Posted by on Thursday, November 14, 2024 in News.

Kathryn R. Brewer, Sanders Lab

This article was originally published in The Protein Society’s November 2024 Under the Microscope newsletter. It is published here by permission of The Protein Society and the author.

By Kathryn R. Brewer, PhD Candidate in Biochemistry, Sanders Lab


A 20-year-old woman waits to see her gynecologist. For years she has been experiencing troubling symptoms — long menstrual cycles, excess facial hair, weight gain, and most recently, a diagnosis of prediabetes. She hopes that her physician will be able to help her manage her symptoms with a comprehensive diagnosis and intervention plan. Instead, what she gets is a cryptic diagnosis, a prescription for birth control, and a recommendation to lose weight, which she has been attempting for years with minimal success. Disheartened, the woman leaves the office with more questions than she came in with, all of which center around her newly diagnosed disorder — PCOS.
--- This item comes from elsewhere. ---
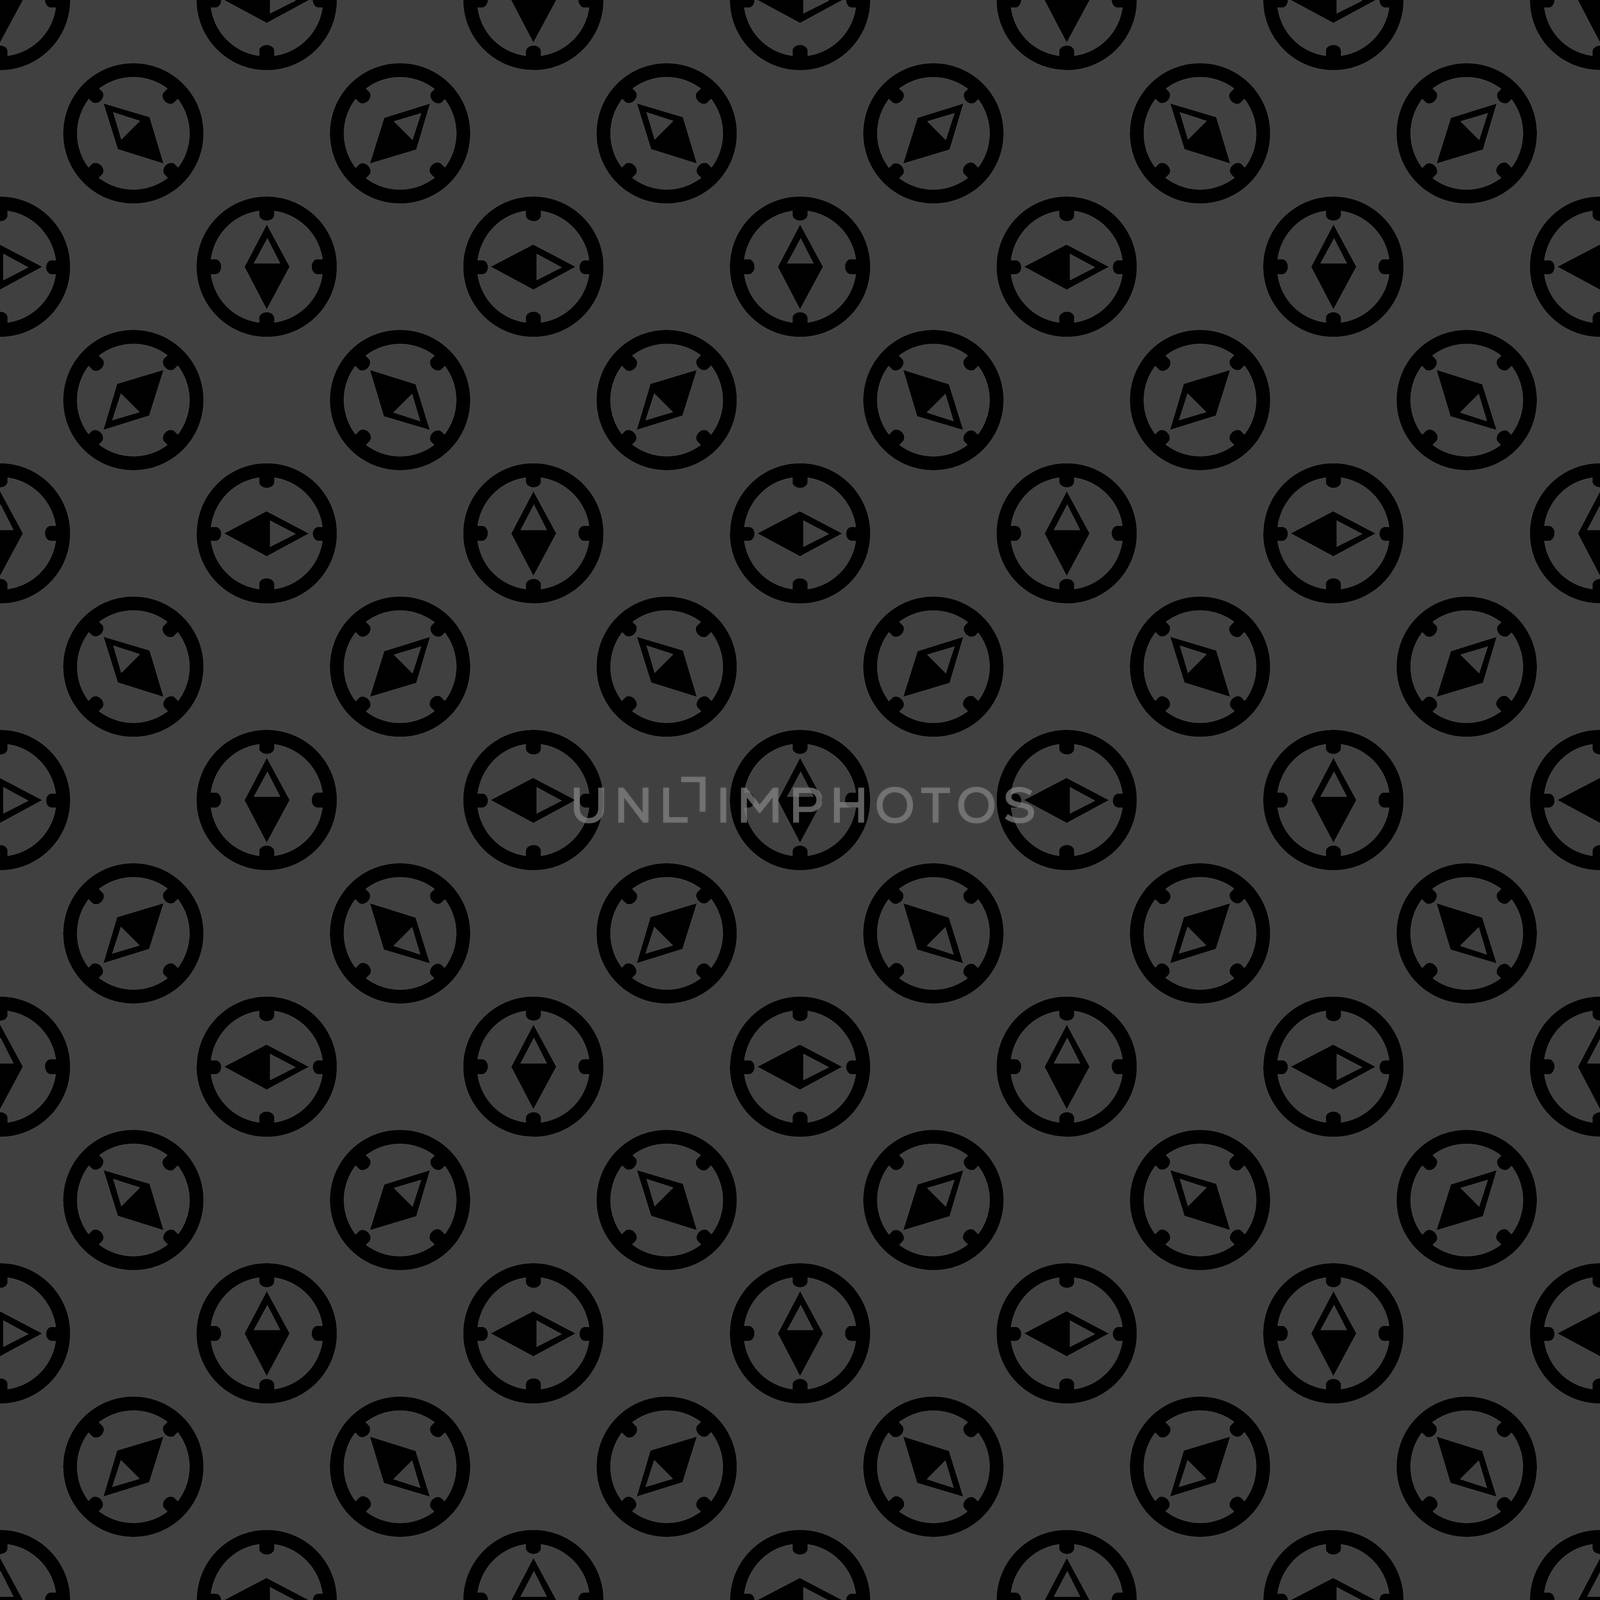 Compass web icon. flat design. Seamless gray pattern. by serhii_lohvyniuk
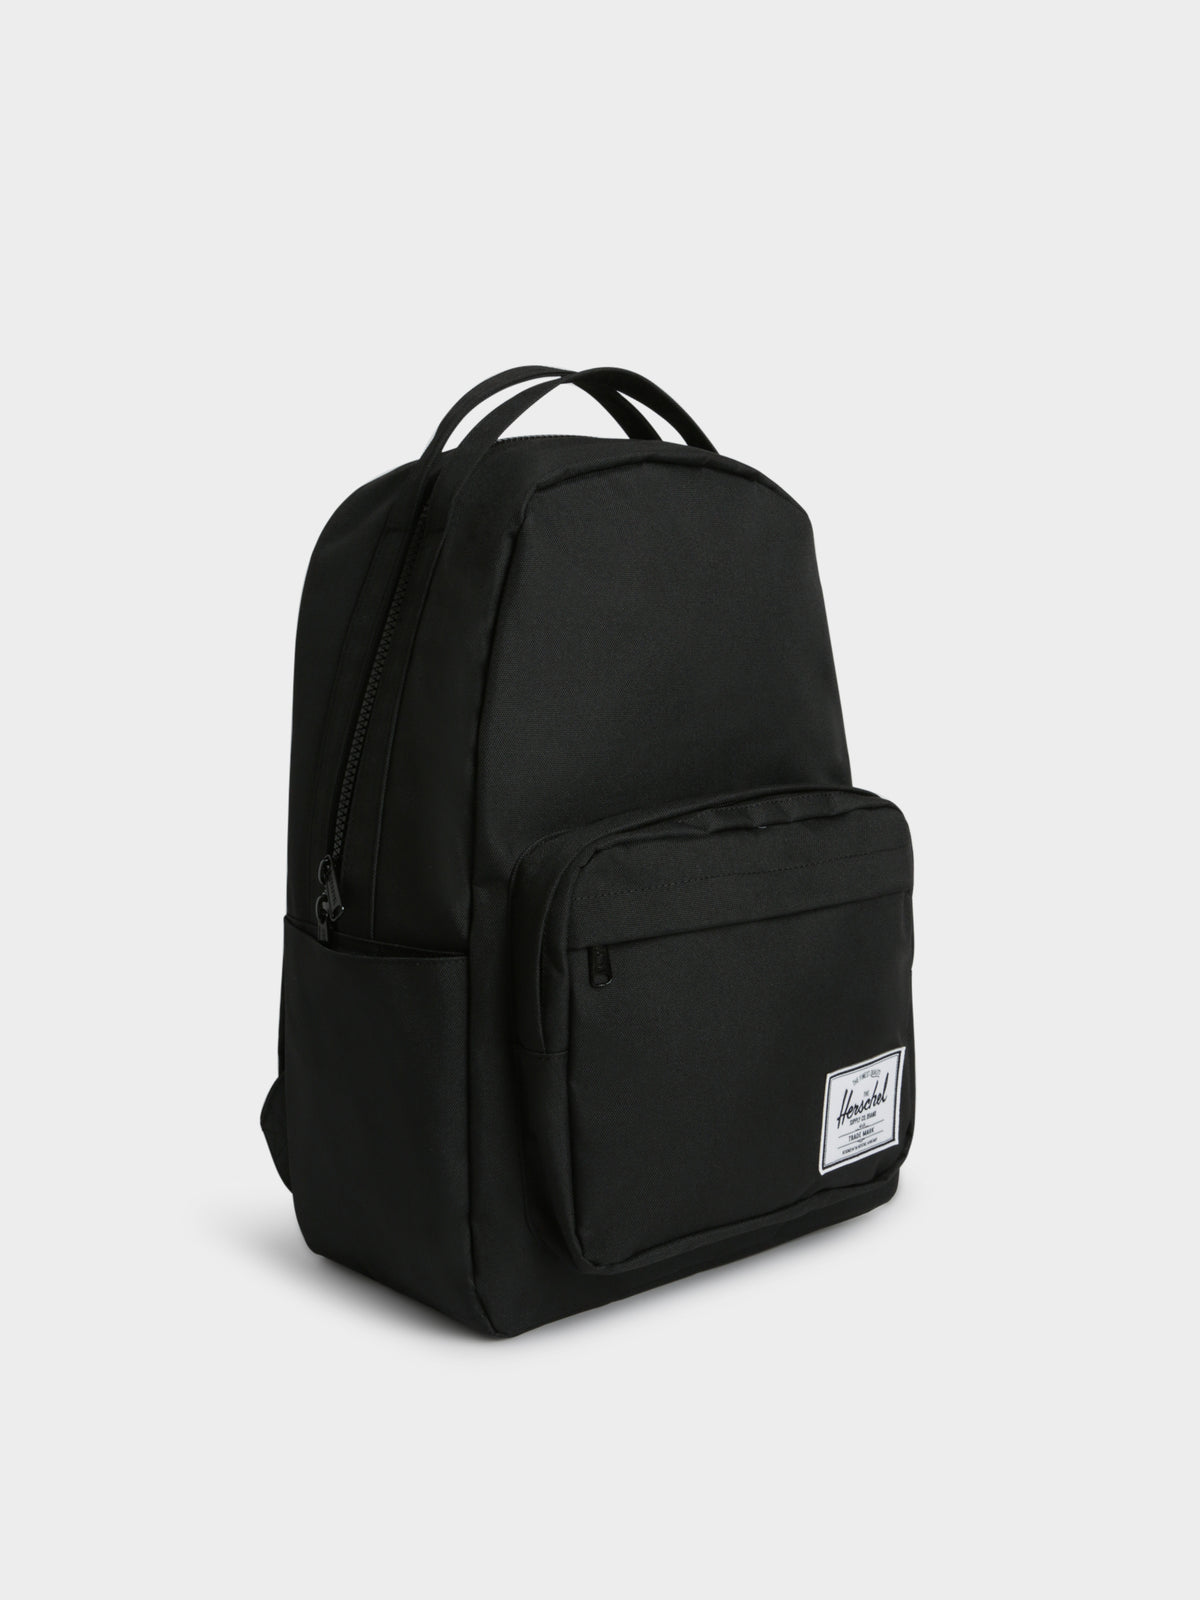 Miller Backpack in Black

Stories like this one are unfortunately extremely common. Polycystic ovarian syndrome (PCOS) is a complex endocrinological disorder with widespread prevalence, affecting approximately one in ten women worldwide (2). Symptoms frequently include increased androgen levels (hyperandrogenism), infrequent or no ovulation, and physical ovarian cysts in some, but not all, cases (2, 6, 7). Patients with hyperandrogenism—accounting for 70% of all patients (2, 9)—have increased risk of additional health complications (9 – 11), including insulin resistance and type 2 diabetes (10, 12). Treatment for PCOS typically involves extensive lifestyle modification (12) and medications to help manage reproductive symptoms and insulin resistance (13), but there are no treatments that directly target hyperandrogenism. Because of this, women with PCOS often feel unsatisfied with the quality of their care and are belabored by the changes necessary to live out their daily lives (14).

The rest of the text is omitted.